# Is Berts Heaven Scent gone?



## melstan775 (Jan 28, 2013)

Watching old Youtube videos and reading various blogs, so many people had things to say about Bert's Heaven Scents.  But his website is gone now. It's hard to imagine someone went out of business when he was obviously well-liked.  Anyone know what happened to him?


----------



## lsg (Jan 28, 2013)

Roxanne Quimby bought him out in 1999 with a house worth $ 130,000.  She then sold 80% of the company to AEA.  Burt's Bees was then sold to Clorox in November.
http://www.treehugger.com/corporate...-behind-burts-bees-it-sold-out-years-ago.html


----------



## melstan775 (Jan 28, 2013)

Not talking about Burt's Bees. That's a soaps company. I am talking about a fragerence oil supplier. Thank you though.

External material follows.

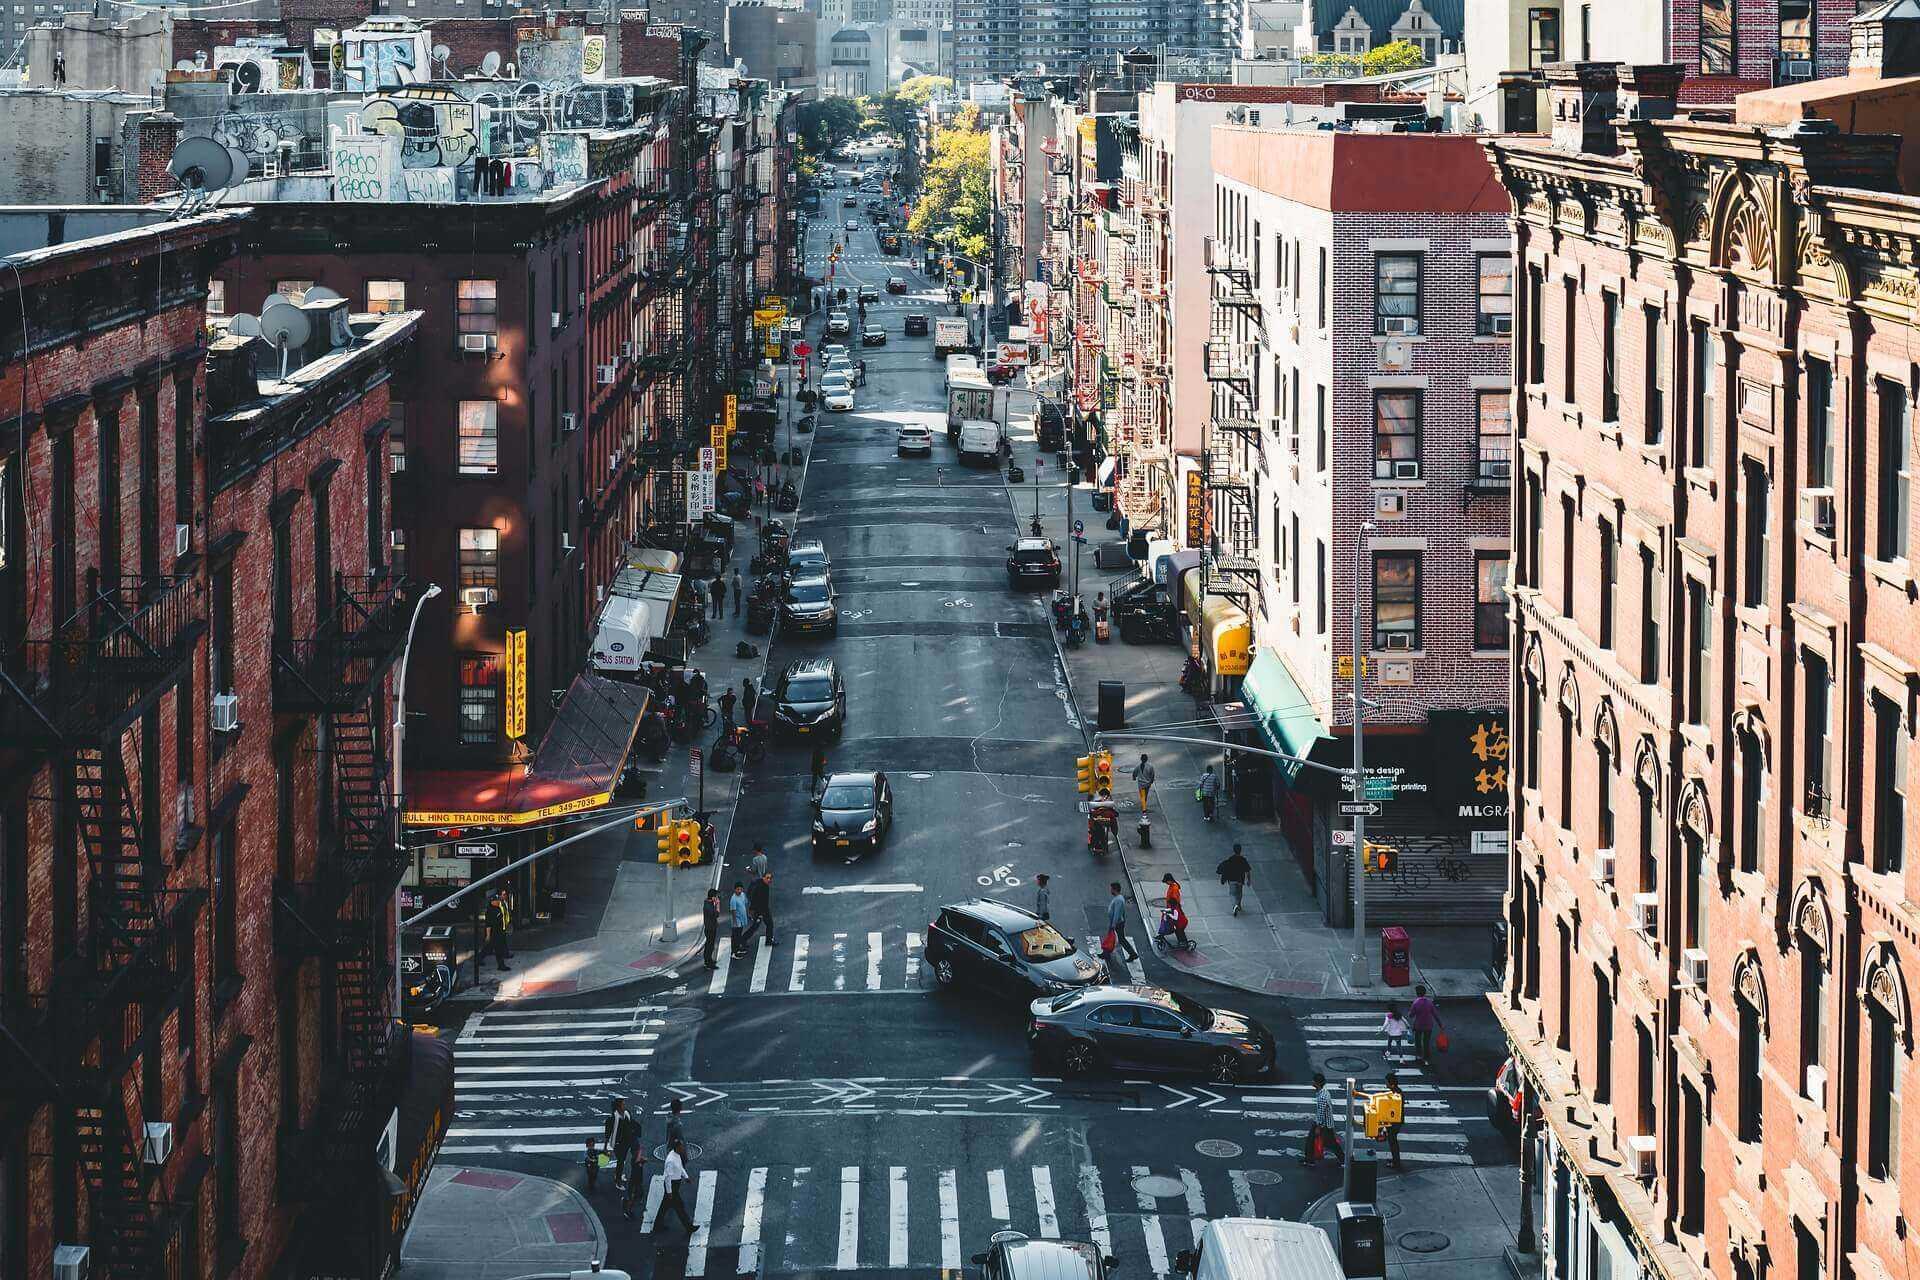 אטרקציות בניו יורק 2021 - מחירים, כרטיסים, המלצות וכל הפרטים

Somewhere in there it's been suppressed that Burt's Bees also went through a sale to L'Oreal, and that's when their packaging changed from tin and aluminum to plastic.


----------



## lsg (Jan 28, 2013)

Oops, sorry.  This must not be my night. LOL


----------



## Genny (Jan 30, 2013)

Yep, Berts went out of business a few years ago.  She had some lovely fo's


----------



## melstan775 (Feb 1, 2013)

Just saw this. Thank you for your reply Genny!


----------